W tym sezonie byłem na szóstym meczu Odry. Widziałem jedno zwycięstwo, jeden remis i aż cztery porażki

Przed tym meczem połowę ligi walczyło o jedno z miejsc w przedziale III – VI. Oba zespoły miały po 46 punktów zajmowały pozycje tuż za czołową szóstką.

W pierwszej połowie od początku przeważali piłkarze Motoru, którzy po 27 minutach prowadzili 2:0. Obie bramki padły w odstępie jednej minuty. Pierwsza z nich była z rzutu karnego. Do przerwy piłkarze Odry nie mieli żadnych atutów. Po zmianie stron ich gra uległa poprawie. Dążyli do zmiany wyniku. Z kolei goście starali się jak najmniejszym nakładem sił utrzymać przewagę wypracowaną na początku spotkania.

Chociaż mecz rozegrano w poniedziałek o 18.00, to na trybunach była niezła frekwencja. Oficjalnie było 2865 osób, z tego grupa kibiców Motoru wspartych ich przyjaciółmi ze Śląska Wrocław. W sumie wypełnili ponad połowę sektora. Doping prowadzili sporadycznie. Trochę powyzywali się z miejscowymi.

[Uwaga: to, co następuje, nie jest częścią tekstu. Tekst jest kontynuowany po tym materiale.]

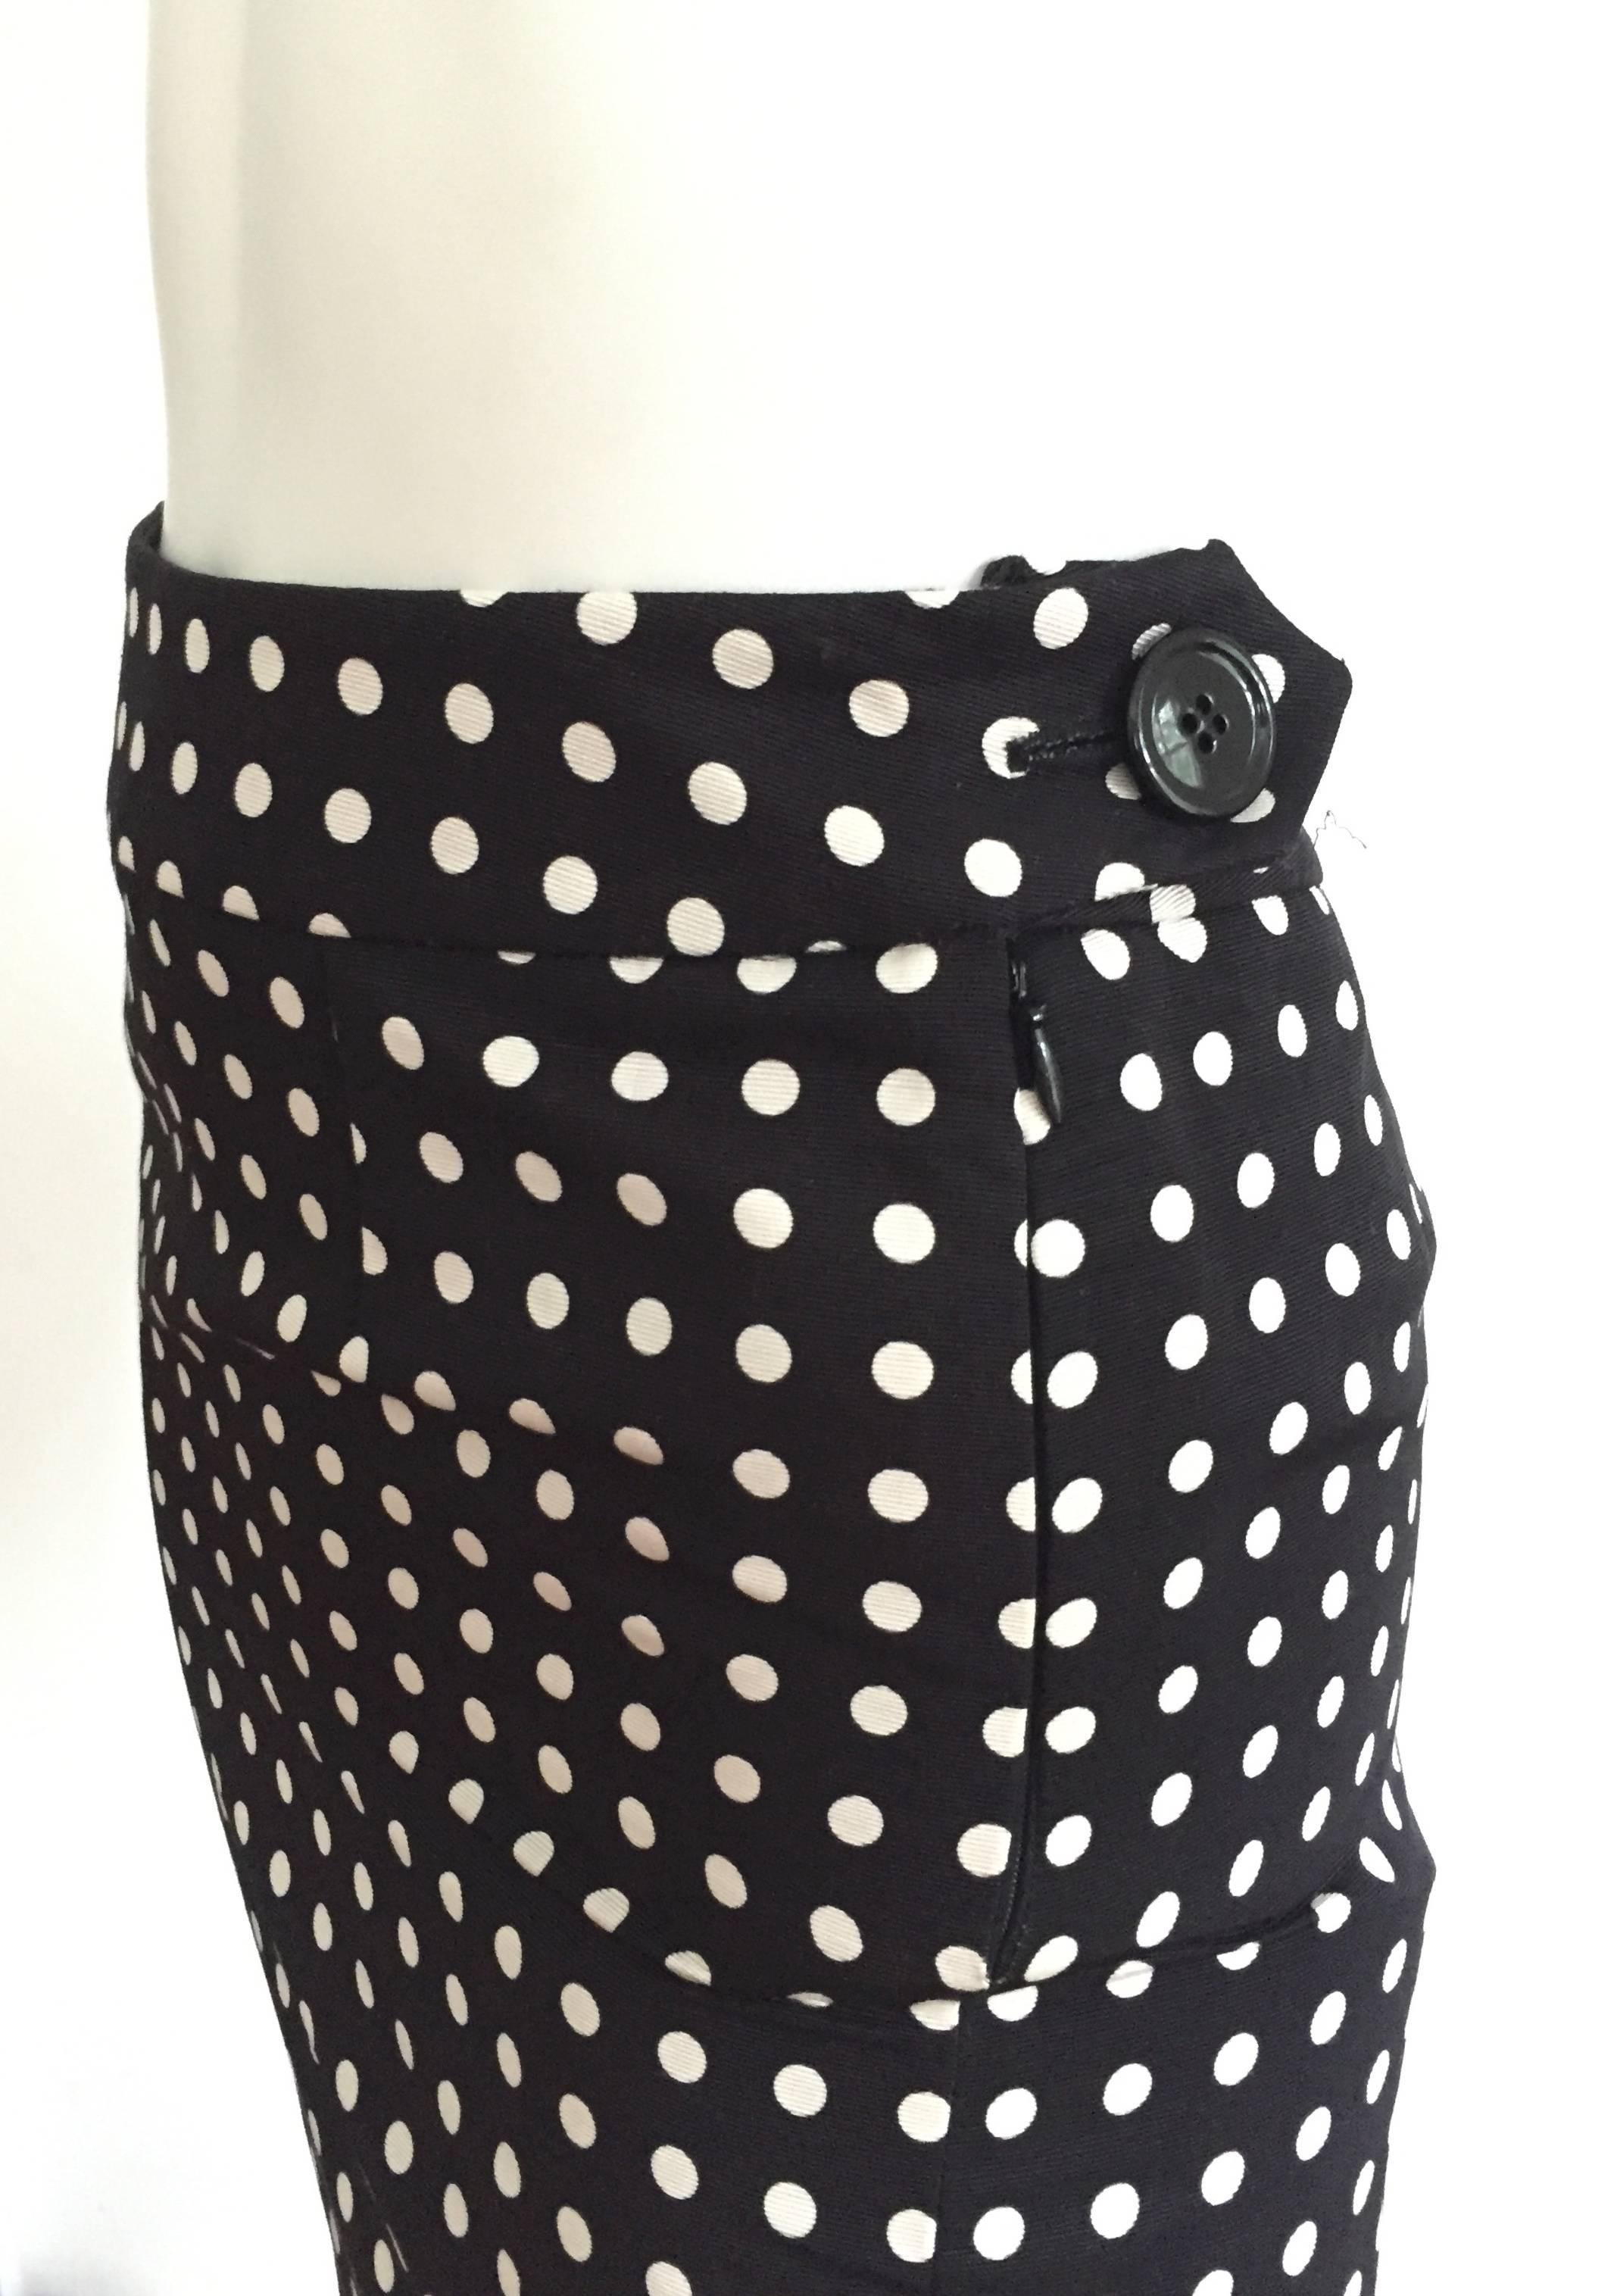 Black Yves Saint Laurent Polka Dot Skirt Size 4.

Kibice Odry przygotowali ciekawą oprawę pirotechniczną, która okazała się główną atrakcją tego spotkania. Na dole wywiesili transparent z napisem: „Zadymić sektor fanatyczny”. Rozwinęli też sektorówkę z napisem „Plan taktyczny”, gdzie była mapa Opola z zaznaczonymi stadionami Odry – tym obecnym i tym budowanym. Najpierw odpalili race, które zadymiły sektor na czarno. Gdy wydawało się, że to już koniec, to odpalono klasyczne, które świeciły na czerwono.

Po meczu znalazłem na trybunach bilet z tego spotkania, który zasilił moją kolekcję. Tego dnia od jednego z kibiców Odry dostałem bilet czeskiego klubu z miejscowości Bruntal.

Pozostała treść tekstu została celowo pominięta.